Just as New Zealand banks are being forced to tighten their lending criteria, Australian institutions appear to be loosening their belts.
Financial comparison website RateCity says about three quarters of home loans being offered in Australia now require a mere five per cent deposit or less, terms not seen since the aftermath of the 2008-2009 global financial crisis.
"Many more potential borrowers are eligible for loans that may not have been approved in the past," RateCity chief executive Alex Parsons said in a statement on Tuesday.
He says 73 per cent of local lenders have increased the loan to value ratio (LVR) on mortgages to 95 per cent or higher, requiring a five per cent deposit or less.
The LVR is the maximum mortgage offered as a percentage of a property's value.
Only 68 per cent of loans offered last year had such a high LVR. It dropped as low as 49 per cent in 2010 after the GFC.

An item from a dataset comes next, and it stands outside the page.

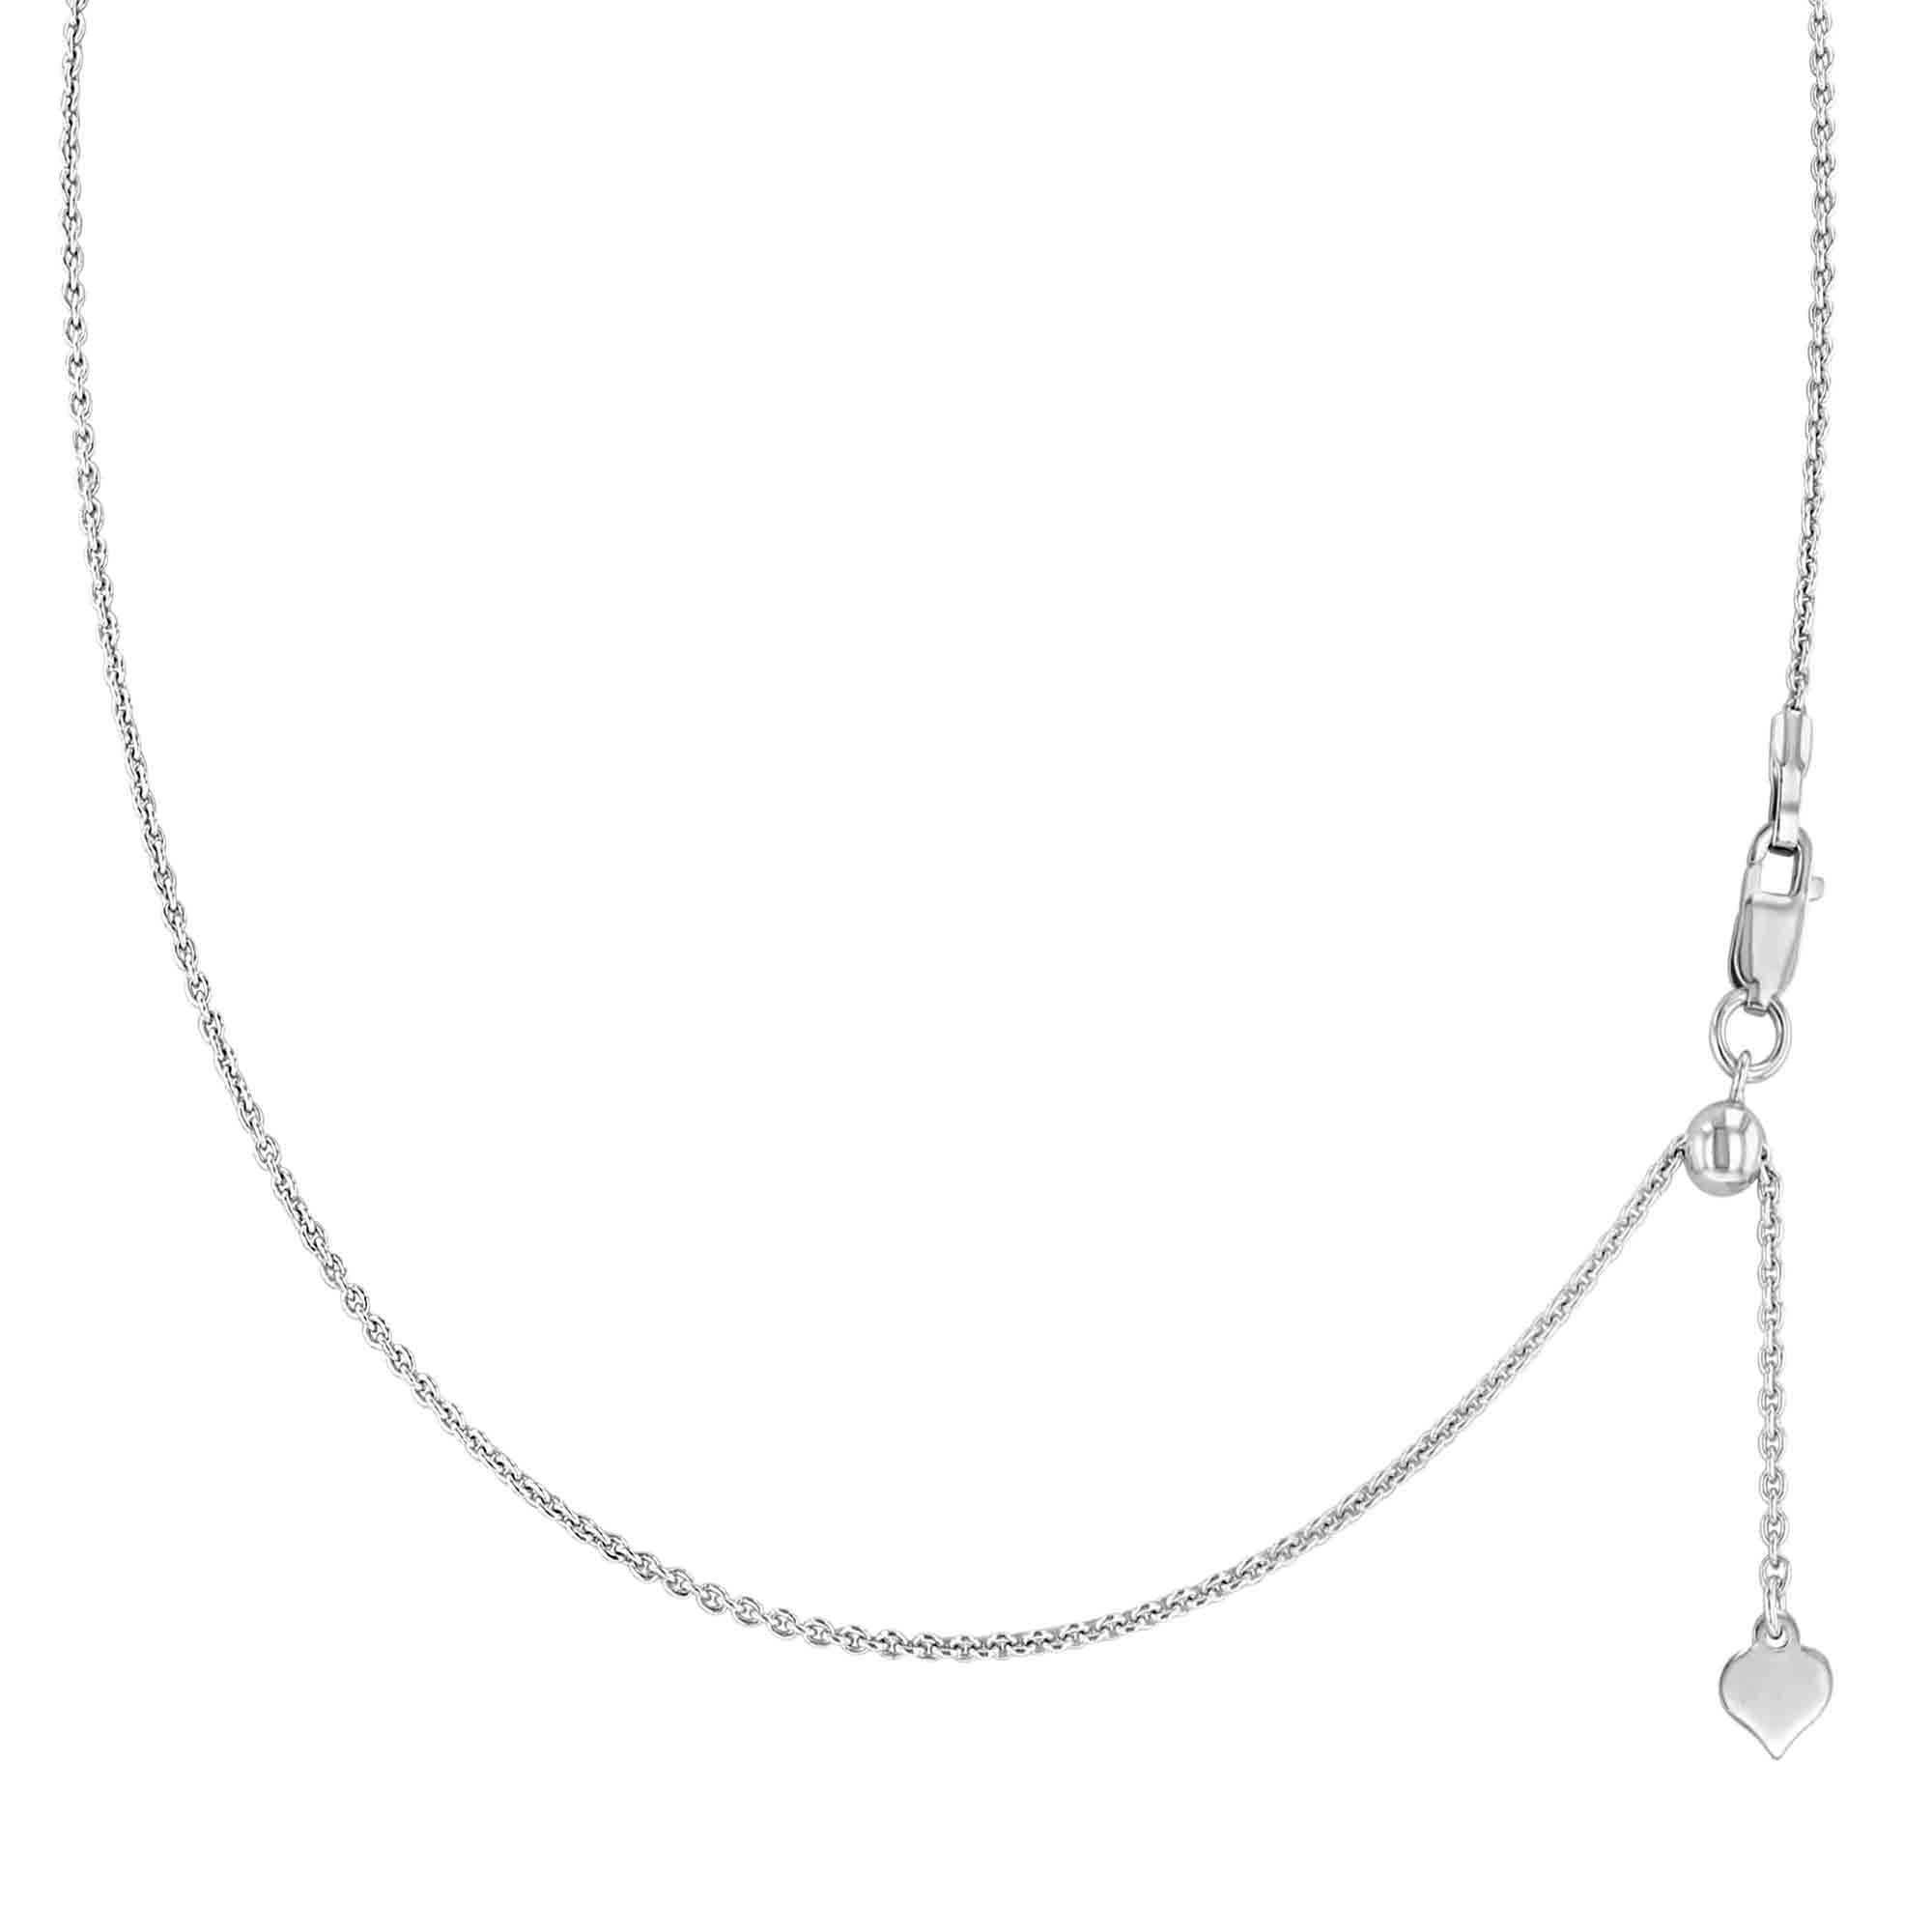 Women's Clear Swarovski Crystal Adjustable Chain Necklace - Clear/gray  (30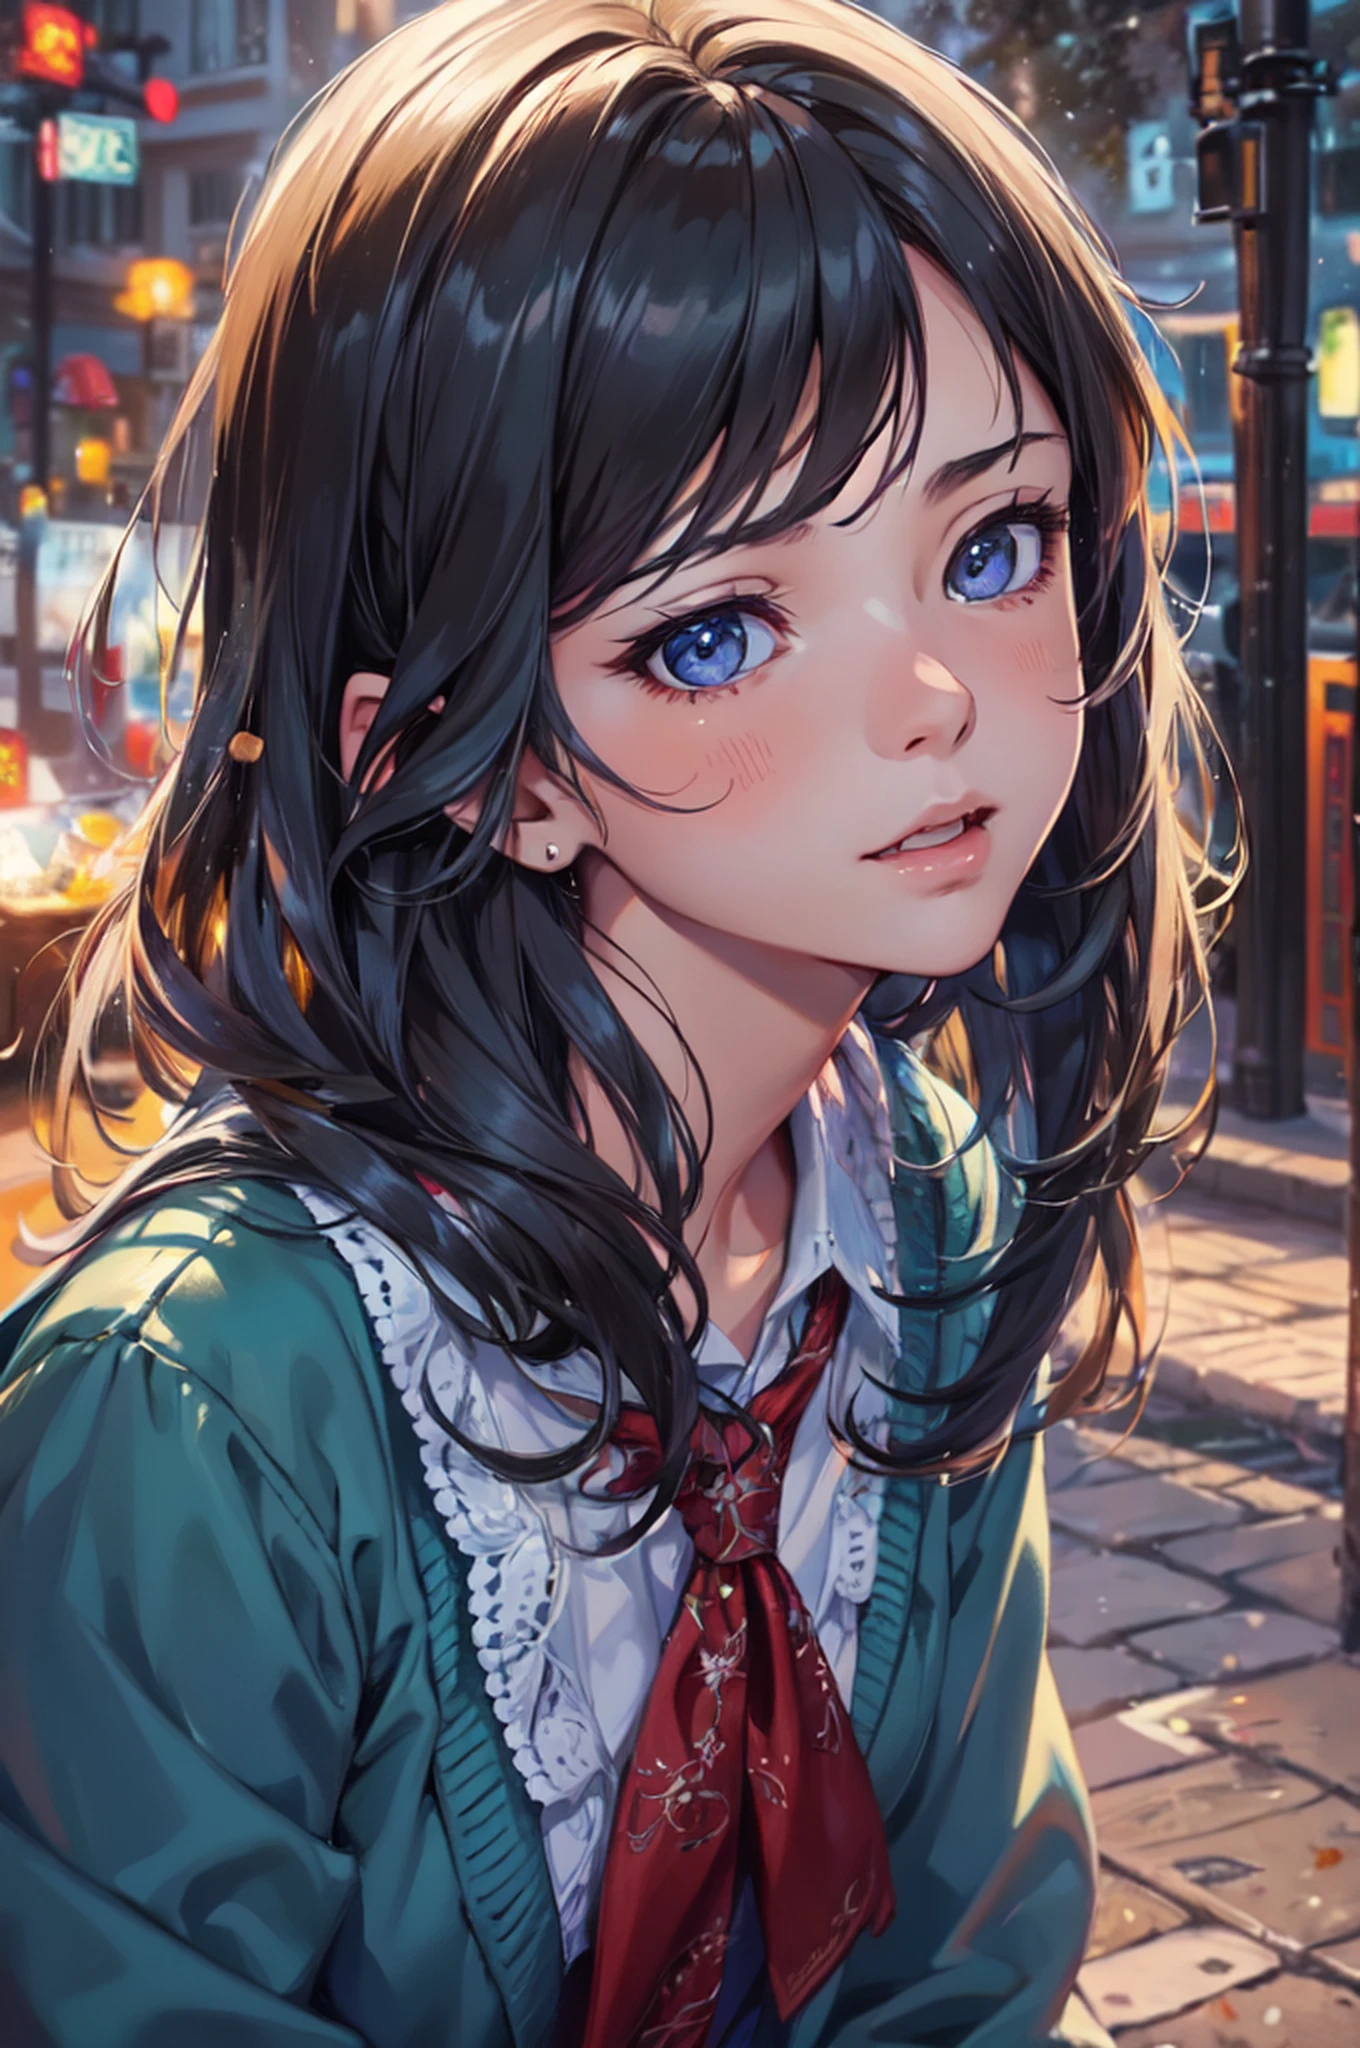 Unforgivable Secret Aise,school,(Best Quality, hight resolution, masutepiece:1.2), Ultra-detailed, Realistic:1.37, Accurate facial expressions, Detailed hair and clothes, Vibrant colors, Soft lighting, Bokeh, Oil Painting, emotional, Thought-provoking, artistic composition,

In contrast, the Reserve Bank of New Zealand from October 1 is requiring its banks to restrict high LVR mortgages in an attempt to take the heat out of New Zealand's property market.
This will limit NZ banks to offering 10 per cent of their home loan portfolio in high LVR mortgages - considered to be 80 per cent or more.
It aims to limit house prices and credit, while keeping interest rates low to support the overall economy.
Macquarie Research senior economist Brian Redican doubts these so-called "macro prudential rules" will be introduced in Australia, at least in the short term.
"If, however, NZ's adoption of macro prudential policy is deemed a success - and Australian house prices accelerate further - then it is possible that similar rules could be adopted in Australia in late 2014 or 2015," Mr Redican said in a note to clients.
Reserve Bank of Australia assistant governor Malcolm Edey hosed down talk of a house price bubble in Australia at a conference last week, suggesting such talk was "unrealistically alarmist".
Mr Parsons warned that while there is a temptation to jump into the market if an institution will lend you 95 per cent of the property's value, it would almost certainly mean having to pay Lenders Mortgage Insurance because of the small deposit.
"Any increase in interest rates, or a reduction in your income, has a much bigger impact because you have a larger mortgage," he said.